This notebook refactors
[05-pipeline/tf-05.py](https://github.com/crista/exercises-in-programming-style/blob/master/05-pipeline/tf-05.py),
starting with the version from
[d521abd 2016-05-21 08:14:41 -0700 Merge pull request #29 from bmistree/master (HEAD, origin/master, origin/HEAD, master, cohpy-20160829) [crista]](https://github.com/crista/exercises-in-programming-style/blob/d521abd5d7aac14af19aa7794aca9ee23c0f8cc5/05-pipeline/tf-05.py).

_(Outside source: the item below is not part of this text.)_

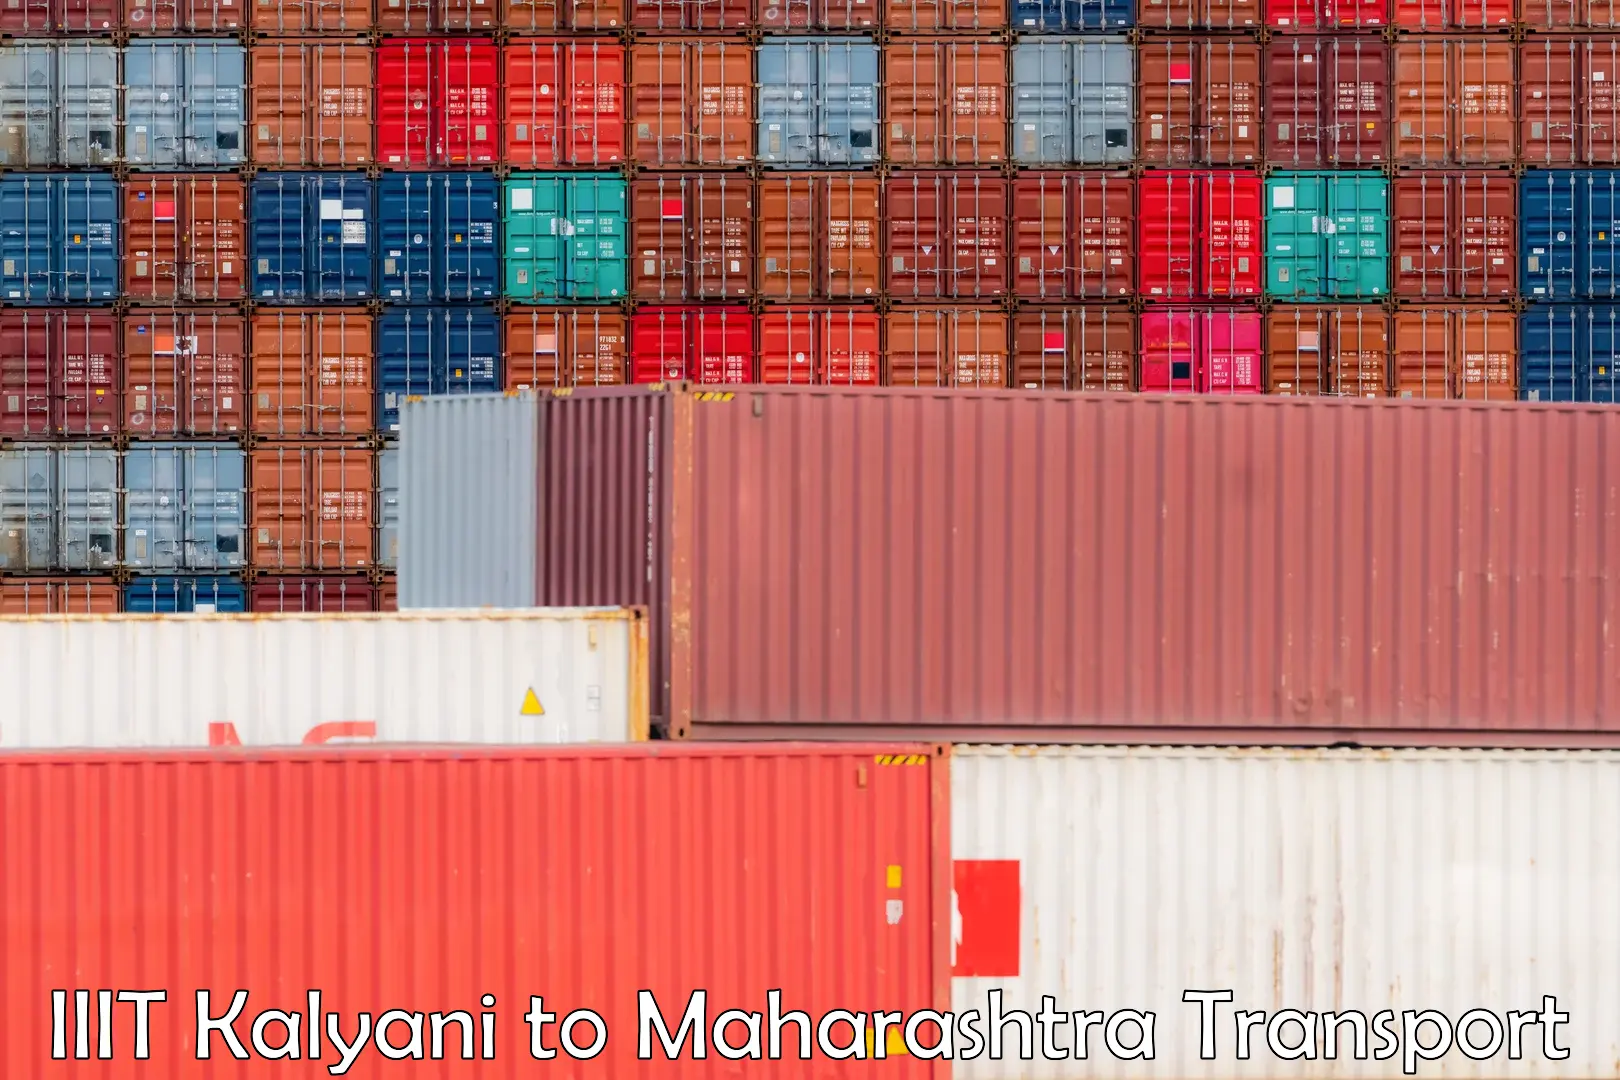 Container transportation services IIIT Kalyani to DY Patil Vidyapeeth Pune

The original code runs only in Python 2.

The license in the following cell covers only this notebook
and is in addition to the LICENSE file in the parent directory
of this notebook.

The MIT License (MIT)

Copyright (c) 2016 James Prior

Permission is hereby granted, free of charge, to any person obtaining a copy of
this software and associated documentation files (the "Software"), to deal in
the Software without restriction, including without limitation the rights to
use, copy, modify, merge, publish, distribute, sublicense, and/or sell copies of
the Software, and to permit persons to whom the Software is furnished to do so,
subject to the following conditions:

The above copyright notice and this permission notice shall be included in all
copies or substantial portions of the Software.

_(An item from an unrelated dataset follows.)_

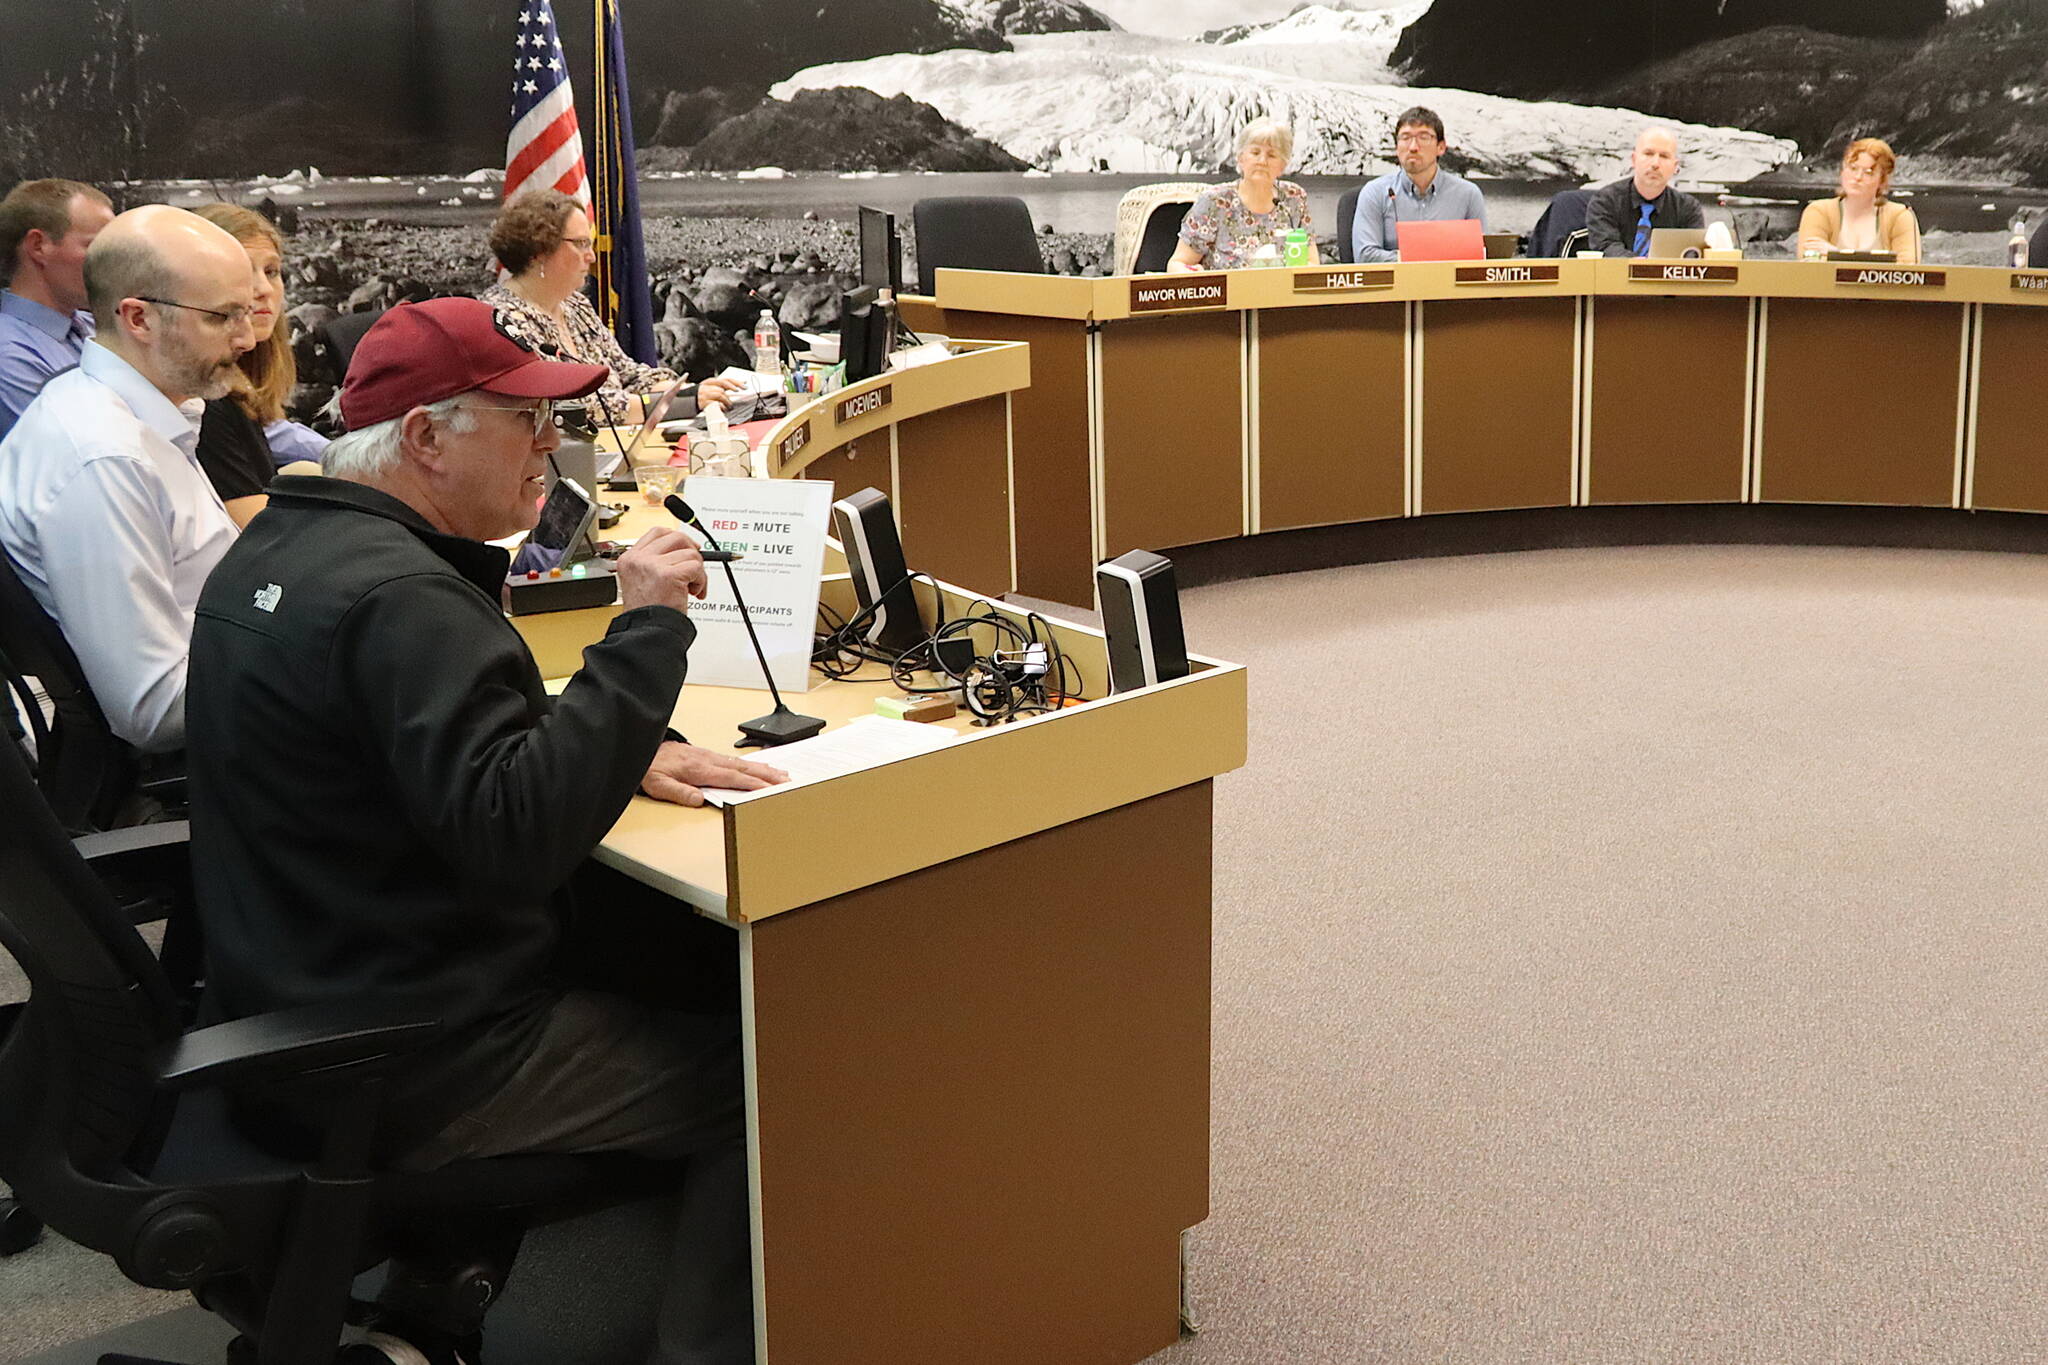 Charles VanKirk expresses his opposition to a proposed increase in the mill rate during a Juneau Assembly meeting on Monday night. (Mark Sabbatini / Juneau Empire)

THE SOFTWARE IS PROVIDED "AS IS", WITHOUT WARRANTY OF ANY KIND, EXPRESS OR
IMPLIED, INCLUDING BUT NOT LIMITED TO THE WARRANTIES OF MERCHANTABILITY, FITNESS
FOR A PARTICULAR PURPOSE AND NONINFRINGEMENT. IN NO EVENT SHALL THE AUTHORS OR
COPYRIGHT HOLDERS BE LIABLE FOR ANY CLAIM, DAMAGES OR OTHER LIABILITY, WHETHER
IN AN ACTION OF CONTRACT, TORT OR OTHERWISE, ARISING FROM, OUT OF OR IN
CONNECTION WITH THE SOFTWARE OR THE USE OR OTHER DEALINGS IN THE SOFTWARE.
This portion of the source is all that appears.